I come from offline rendering and don’t really see much use in that at the moment to be honest.
It’s a neat addition when the Maxwell cards will be out in a week, because people who happen to work with UE4 will end up having 970s, or 980s soon so there will be a huge jump in case you feel like using Octane inside UE4 for whatever reason.
As we already know Kepler cards perform awfully in GPU PT. In fact I still often see people who render basic studio light setups without the need for much VRAM still rocking 5xx cards until the present day.
GPU rendering became even bigger this year with Vray RT, Arnold GPU and Octane around, but I’d rather render this stuff out from a full fledged 3D app.
For now Alembic support looks a lot more interesting for realtime rendering bringing in a complete scene with animations to UE4 as they are. I’d rather bake a giant Alembic scene for 5 hours in the background than manually have to fiddle with import and the gazillion of possible problems that come with compability.
It’s an unbiased renderer for the editor. Not terribly useful actually, most 3D applications have a similar type of renderer built in already, like Blender or 3ds Max, so if you’re already doing stuff in 3D there you can just do your GPU rendering there instead of exporting to UE4. It’s also not a real-time solution, it just gives you a very quick idea of what something will look like, to get a clean image it needs some extra time to render so it’s not for games really.
There’s no point in having iRay or Vray in UE4–they would both be very slow to render, at best you could use it as an alternative to using lightmass but it would be significantly slower to render. One of the cool things about UE4 is the ability to get really close to that quality with much less time and you end up with a result that you can show in real-time.
The way I understand it, we’ll be able to do everything offline in Octane, (very powerful engine, I’ve tried the 2.0 version) bake the lighting, then export to ue4 to make a realtime scene. It will replace lightmass for that.
We’ll have much more control for G.I and lighting in Octane and still have the benefits of realtime in ue4. Can’t wait.
If they pull it off this will be MASSIVE for Octane + UE4. On the offline side I can’t get past Nvidia Iray, there’s a certan jene-se-quoi (or however you spell that) about it.
This could be used for games with fixed cameras like old resident evil games.
You can show a fading screen between static scenes to hide Octane redering progress.
Octane is not a realtime solution, but if it has the ability to bake lightmaps it could give a better result than Lightmass, though I would expect it to be slower. At least part of the tool that would be most useful is getting a quick preview of the lighting without rebuilding it all, even if it’s noisy it would be useful.

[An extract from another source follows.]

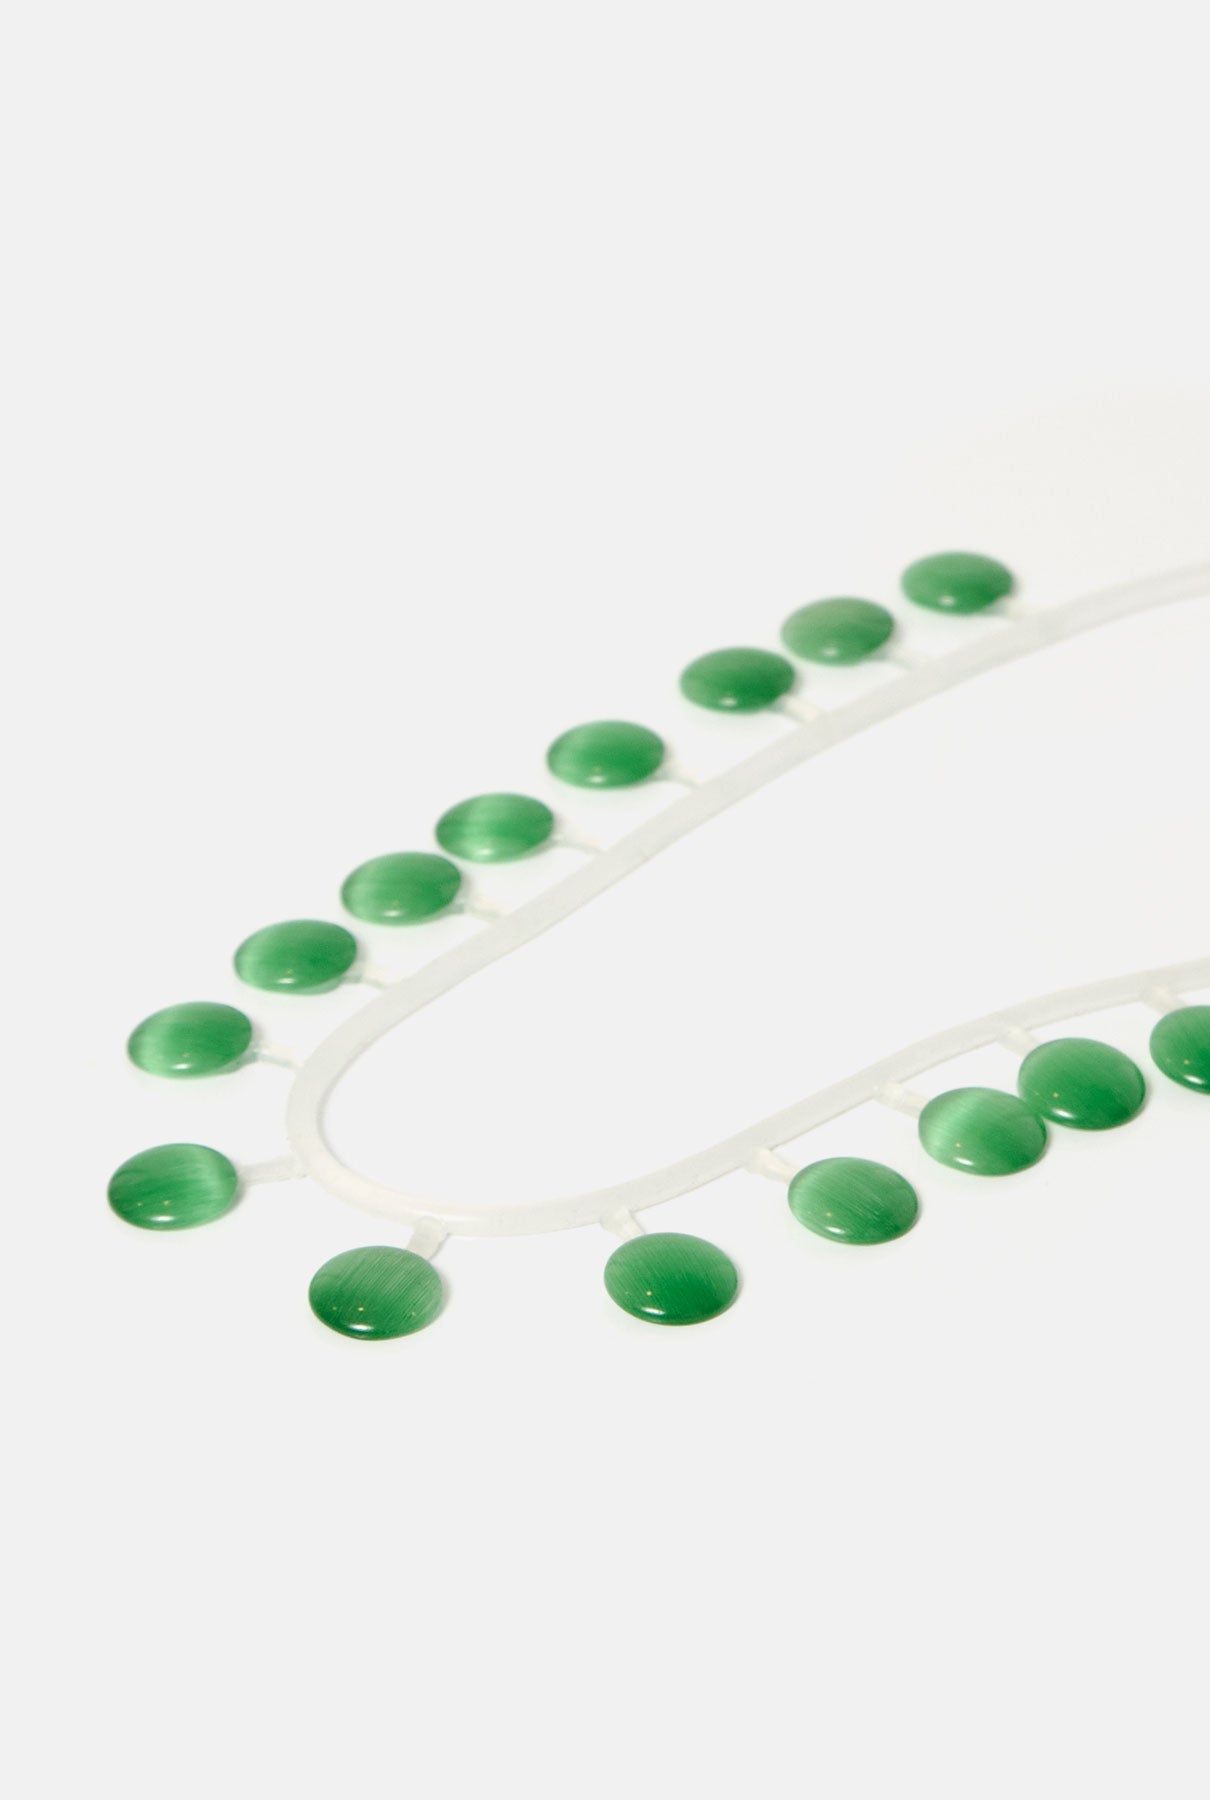 Collar flotante green necklace Joaquin Blanco 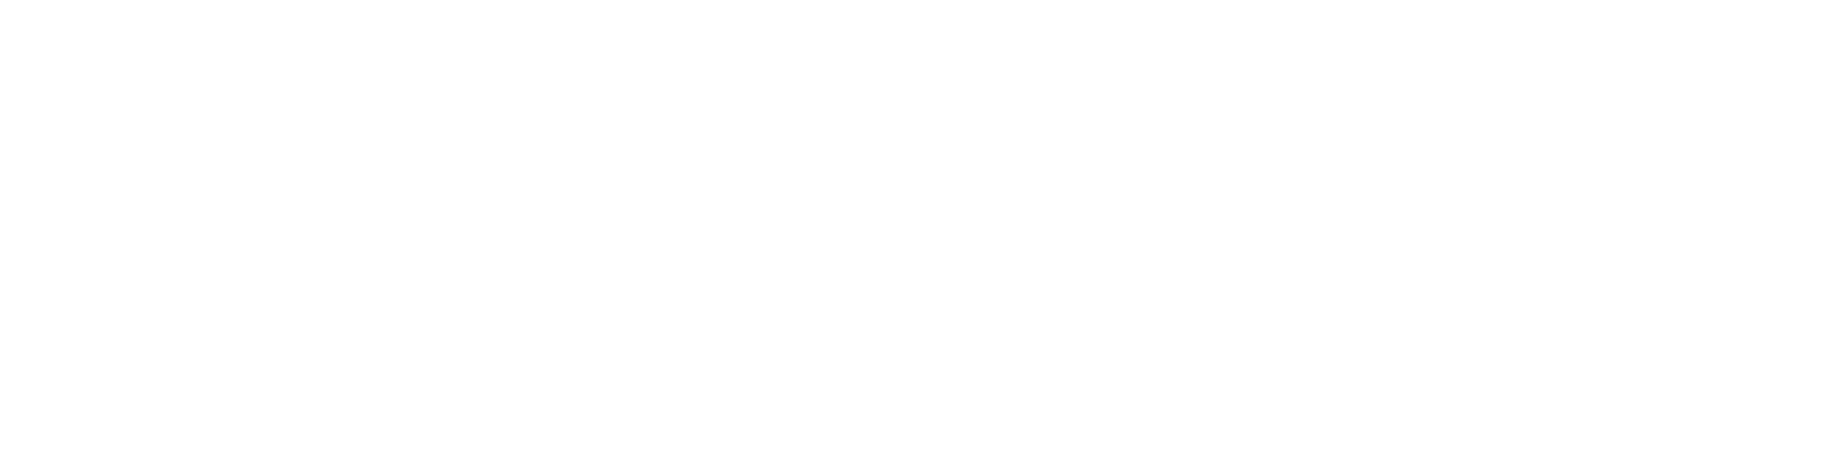 2nd_Tac_For_Logo

Octane render can give you a preview of a scene in 1 second (or maybe a couple pass) vs unreal that you have to wait until the whole lighting build is finished (because preview shadows aren’t representative of the baked result at all). So let’s say 1 min vs a couple hours. huge difference. Can’t wait!
Also, Octane runs strictly on gpu and can benefit from using multiple gpus, not just sli… You can have 12 gpus working on a scene if you want!!!
I’m waiting for Nvidia to allow non-Nvidia-Grid ie. Geforce cards to be used with Nvidia vGPU virtualised GPU clusters. In otherwords, build your own Nvidia VCA appliance with several boxes each having say 3 980 Ti.
YES! Very naughty of Nvidia to force you to use their VCA appliance or GRID cards if you want powerful GPU and vGPU clusters! But I understand Nvidia has to start out that way, at least to ensure stability in production environments where Quadros and Teslas are the norm.
Lord willing they will open it up to Geforce cards as time goes by. Their IRay Server beta allows for local network cloud rendering (queued and streaming) using their beta plugins and IRay Server beta etc. Currently 3DSMax and Maya appear to have the best support for that. And it works with Geforce cards… but it’s not meant for WAN cloud or vGPU yet.
Now Nvidia Iray for Blender. That would be sweet and people would pay for that, I imagine it would be less expensive than Octane for Blender!
Advanced live texture baking: A feature that’s most beneficial for use in real-time game engines, OctaneRender 3 supports unbiased GPU texture baking (UV or volumetric) of global illumination, spherical harmonics and 8D light fields in Unreal Engine 4 and Unity plugins.